Alterations that Facebook Inc. made after the Cambridge Analytica data-privacy scandal damaged large videogame publishers that rely on its Login service, leading Facebook to loosen some of the new requirements.
Activision Blizzard Inc.’s popular “Candy Crush” series, and Zynga Inc., responsible for games such as “Words With Friends,” saw reduced revenue due to changes and bugs in Facebook’s Login software that smooths the sign-up process, company executives and financial analysts said this week. Neither videogame maker disclosed the precise extent to which the issues impacted the second quarter’s sales, but executives from both said during earnings calls last week that their audiences and sales suffered from changes that forced users to sign in to their apps again.
“[Facebook] added certain prompts, it introduced some new bugs that cause players to have to re–log in, and it frankly added friction to the player experience for some of our franchises,” Zynga Chief Executive Frank Gibeau said in his company’s ZNGA, -1.72% earnings call this week. “The good news is that was a short-term problem that we were able to work with Facebook on, that we responded to.”
In Activision’s ATVI, -3.70% case, executives discussed technical issues with a “third-party partner” on games produced under the King Digital Entertainment Ltd. label — famous for the “Candy Crush” series — that led to a user decline and an impact on net bookings, a financial metric that gaming companies and analysts use as a substitute for revenue.
“These changes inadvertently impacted some users’ ability to play and invest,” Activision Chief Operating Officer Collister Johnson said on the company’s earnings call. “Our team worked with partners to address the issues and stabilize net bookings.”
Activision did not respond to a MarketWatch request for comment.
Both companies said the issue had been fixed and should not be a drag on third-quarter earnings, which suggests that minor changes Facebook announced last month were related to these issues.
The Facebook developer tool Login in part facilitated the disgraced and now defunct Cambridge Analytica’s collection and storage of millions of users’ personal data.
When asked whether Facebook FB, +0.80% had fixed the Login issue, a spokesman said the company had addressed the concerns in a July blog post and that it was working closely with King and Zynga. The social-media behemoth declined to further comment on the extent of the issue and to identify others affected by it.

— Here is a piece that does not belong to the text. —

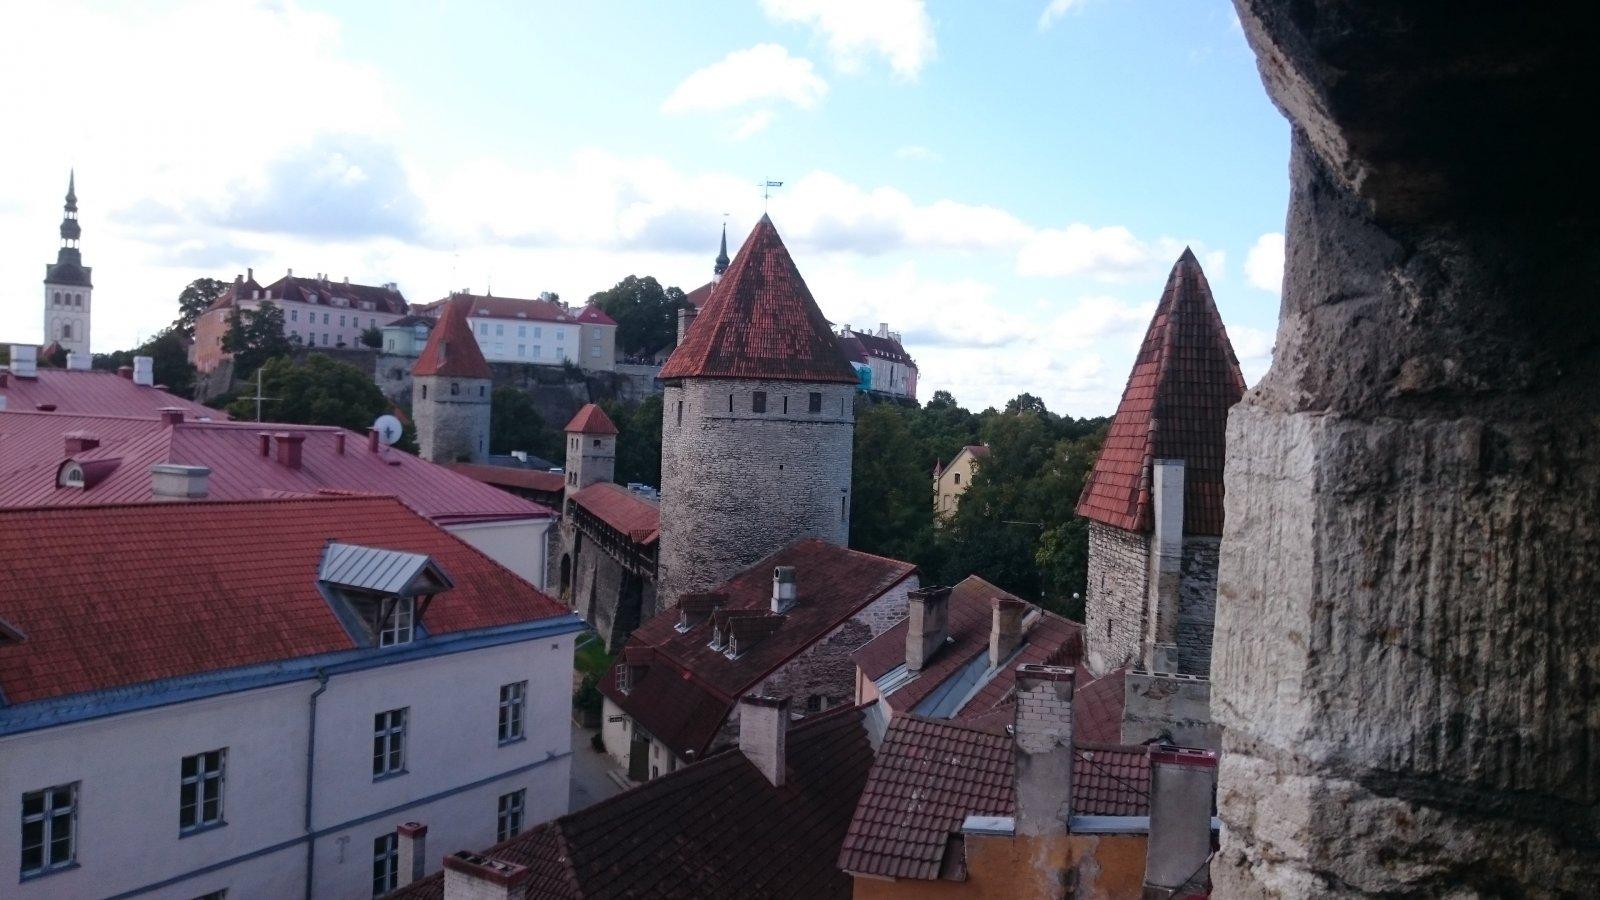 Пешеходная экскурсия по Таллину. Тишина и покой у крепостных стен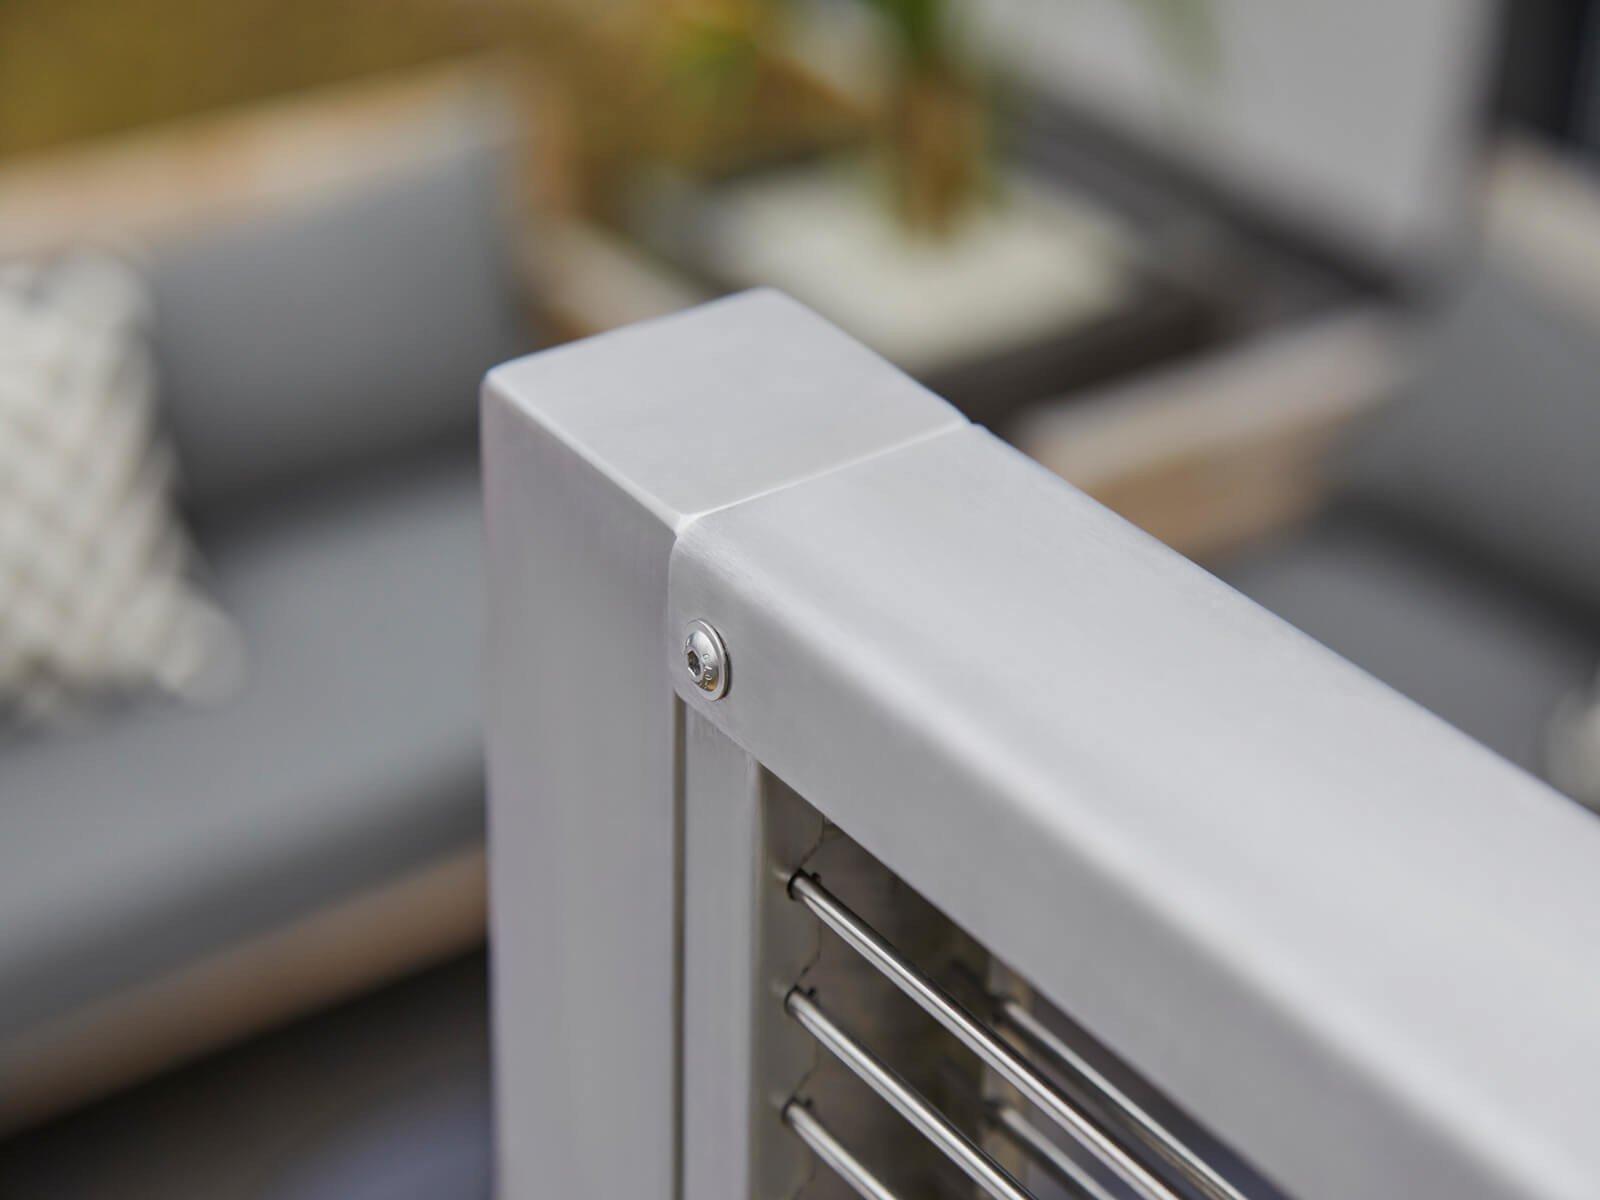 Gabionenzaun aus Steinenals Abgrenzung und Wind Lärm- und Sichtschutz für die Terrasse maßgefertigte Ausführung im schmalen Design

Facebook’s Login technology allows developers to simplify the account set-up process via their websites or apps by borrowing some of the information associated with Facebook. It is the developer tool that partly facilitated the harvesting of user data that researchers and Cambridge Analytica improperly gathered and stored on millions of users, though Facebook had previously changed the rules that allowed the original personal-data harvesting.
Following the Cambridge revelations in March, Facebook made further changes to developer access to data through the Login technology, restricting what third parties can obtain by default, among other things. As part of those changes, Facebook required users who had not used an app in 90 days to log in upon their return — which appears likely to have caused the issues Zynga and Activision described in their earnings calls.
Facebook initially announced the first change to Login in April. The company publicly issued an update on July 27 that seemed to loosen some of the criteria for app use within the three-month time frame, saying the company had initially taken a very “conservative approach” to what it considered app use, but had since sought to expand that definition.
Even though Activision would not name Facebook specifically, analysts said Facebook was the obvious culprit. Besides Zynga’s specific statement, there are few other tech platforms with the heft to affect millions of users that use Login to connect to various third-party apps, including games.
Piper Jaffray analyst Michael Olson said by email Friday that he “just couldn’t think of what else” Activision’s issues could be, since Zynga essentially said the same thing on its call. MKM Partners analyst Eric Handler wrote in a Friday note to clients that executives noted specifically that Facebook network issues caused a dip in King game revenue. And Stifel analyst Drew Crum wrote in a Friday note to clients that the damage to King revenue was “possibly” a result of Facebook.
Zynga declined to comment further, though the company has posted an Android and iOS help page related to connection issues with Facebook’s log-in features. Both Zynga and Activision said that the issues have been fixed and that they are working closely with Facebook.
No issues were mentioned in the earnings of other prominent videogame makers that have reported quarterly results of late, among them Electronic Arts Inc. EA, +1.73% , Take-Two Interactive Software Inc. TTWO, +8.98% and Glu Mobile Inc. GLUU, -0.83% . Activision fared poorly after its earnings report, declining 2%, while Zynga gained 3.9%.